The show started broadcasting in the UK on March 3, 2014, on Discovery Turbo and April 7 on Community Channel with Tony Hirst as the narrator. Discovery Turbo only aired 10 episodes, whereas Community Channel showed all 20 episodes.

==Cast==
The Smash Lab team is composed of Deanne Bell (scientist), Chuck Messer (engineer), Nick Blair (designer, season 1 only), Kevin Cook (creative expert, season 1 only), Reverend Gadget (fabricator, season 2 only), and Nathaniel Taylor (artisan, season 2 only). Blair has a degree in industrial design, and both Bell and Cook have degrees in mechanical engineering. Messer has an undergraduate degree in industrial engineering as well as a graduate degree in industrial design.

==Episodes==
===Season 1 (2007–08)===
Smash Lab premiered on December 26, 2007. The Smash Lab team for season one was composed of Deanne Bell, Chuck Messer, Nick Blair, and Kevin Cook.
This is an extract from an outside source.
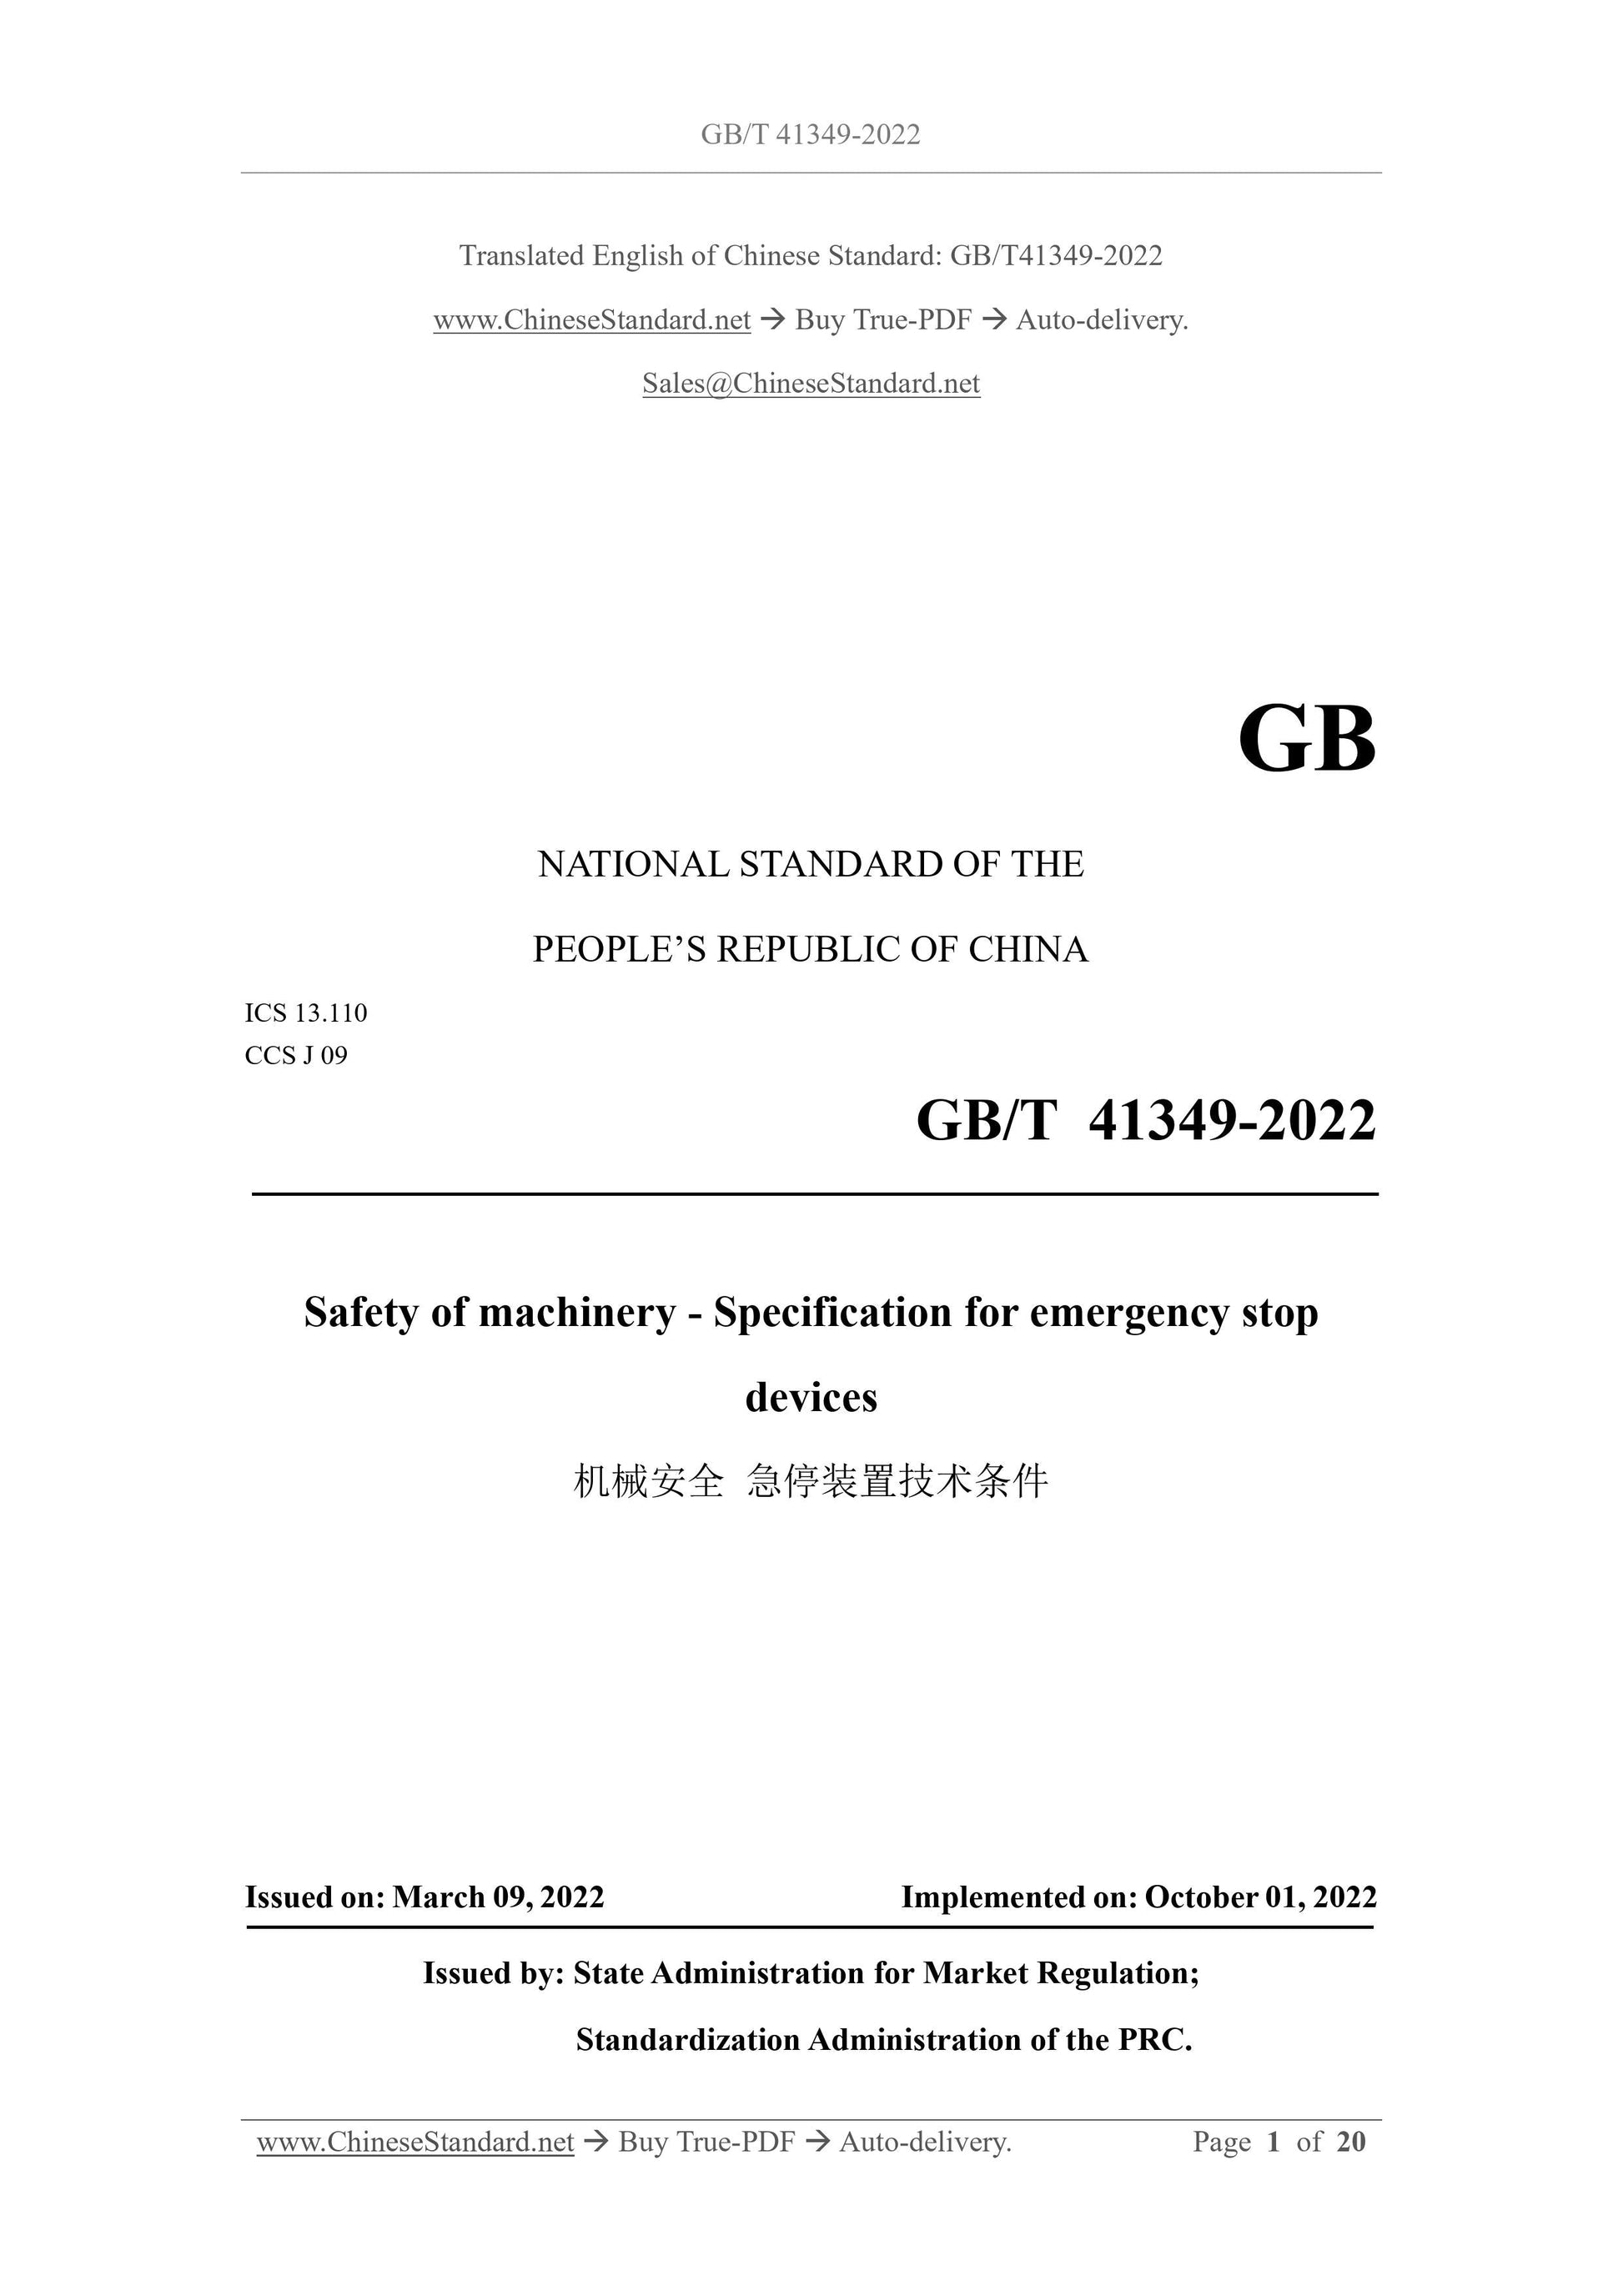 GB/T 41349-2022 Page 1

| No. overall | No. in season | Title | Original release date |
| 1 | 1 | "Blast Proof House" | December 26, 2007 |
The team use Rhino Lining in various tests. The most noted is bomb proofing a building on the inner and outer wall layers. Another test involved 2 pickup trucks - One with Rhino Lining, and one without. This was to prove or disprove manufacturing claims. The test was confirmed since the Rhino Lining sprayed truck held up against the impact of explosion. This was shown as part of Discovery Channel's Sneak Peek Week.
| 2 | 2 | "Crash Absorbing Concrete" | January 16, 2008 |
The team attempt to stop an uncontrolled car from crossing a freeway median using "aerated concrete". Two methods of employing this material are used. Chuck and Kevin tried building aerated concrete blocks to be placed roadside. Nick and Deanne constructed a large aerated concrete bed for a vehicle to drive over. Neither is successful in stopping the vehicle. The aerated concrete roadside blocks actually made a car more able to jump into oncoming traffic and produced a large amount of debris, and the bed is completely destroyed by the vehicle, making it unsuitable for repeat use.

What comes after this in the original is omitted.